Wouldn't that 'aif have (aif t nil) return t?

Hmm, you lost me with delisting.

It's a utility to cut down on nesting (iflet (a . b) ...) forms, a common pattern I use when giving a utiility different behavior depending on the number of arguments. The primary goal is to have the branches lined up on the right side while the local variables are distributed so they don't get in the way. Particularly, a variable is positioned just before the first branch it's bound in. The rest variable is an exception; it makes sense at every level, but I don't want it to be perceived as the first element of the list, so I've put it in a different place. (Note that it doesn't actually make sense everywhere unless the thing being destructured could be a dotted list or non-nil atom.)

The three branches in my 'aif's use of 'delisting are the zero-element branch (just nil), the one-element branch, and the two-or-more-element branch. The "two or more" thing might be tricky to perceive; maybe the utility should be limited to proper lists and the last case should be preceded by both its usual variable and the rest variable.

Meanwhile, the point of 'g-rest is to allow for destructuring. Destructuring an atom might be weird, but most of the time the rest isn't an atom, and nil can be destructured just fine.



1 point by akkartik 4857 days ago | link

Ok, I'm starting to see.

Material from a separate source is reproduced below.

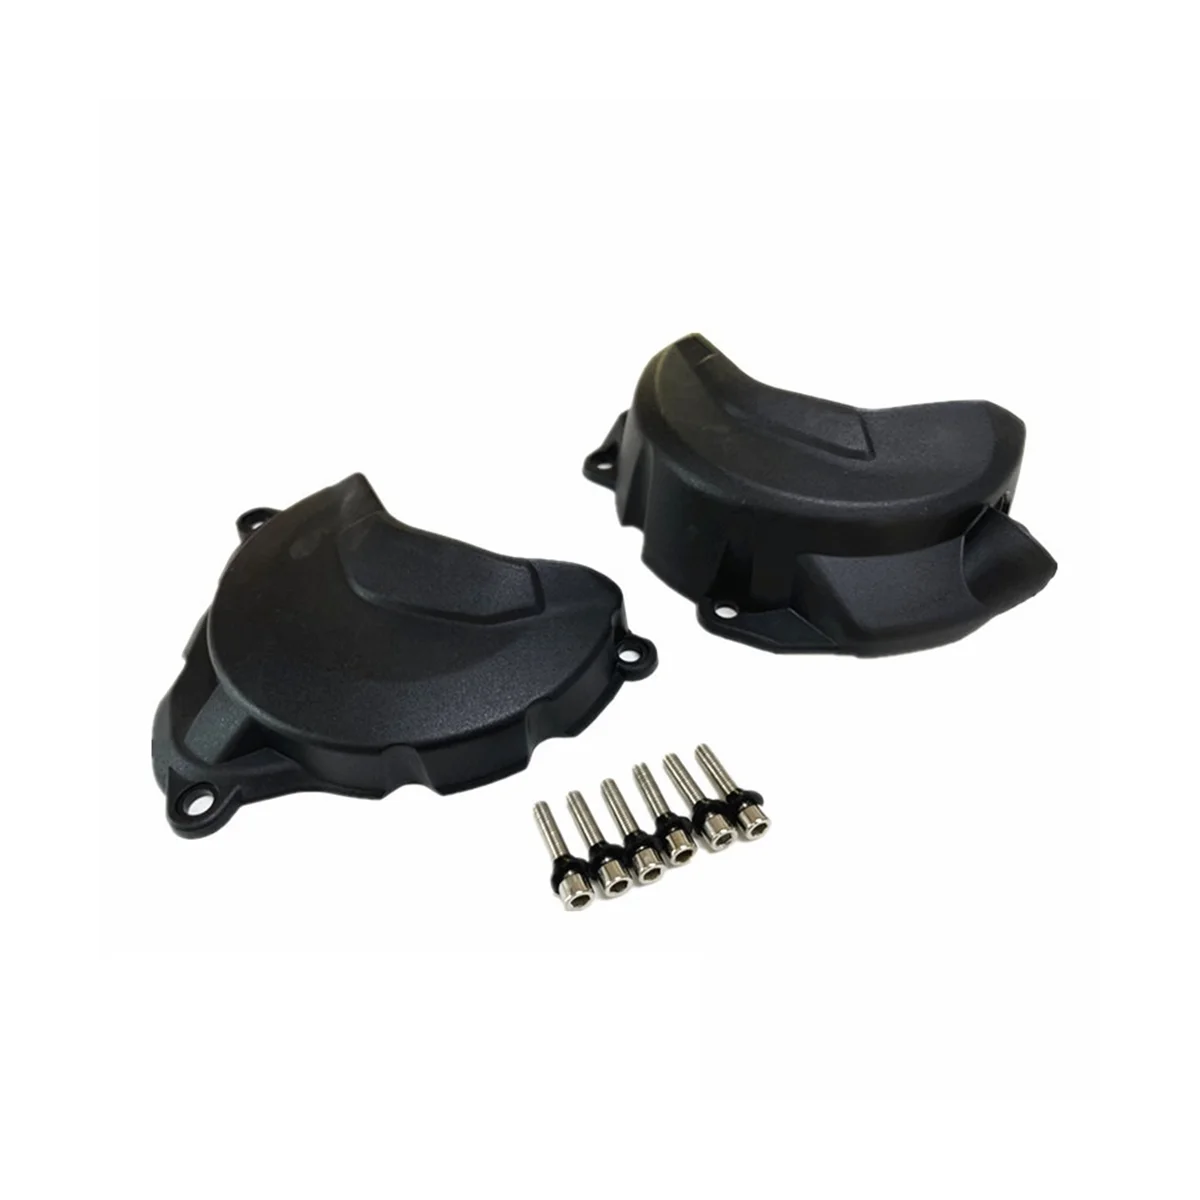 

Motorcycles Engine Cylinder Cover Head Protection Clutch Guards for F750GS F850GS F900R F900XR F 850 GS

So the code in each branch binds all variables upto that point?

When I see:

  first    first
I'm inclined to read this as, "if you just see a variable (call it first) and nothing else after, just return first." I imagine the evaluation going to the next case and saying[1], "oops, nothing left, ok, go back and execute code for the previous case." Am I on the right track? Hmm, I've never seen anything like this.

And the nil is a branch with an empty 'guard'. Ahhhh.. this is cool :)

[1] Dijkstra hated anthropomorphizing code.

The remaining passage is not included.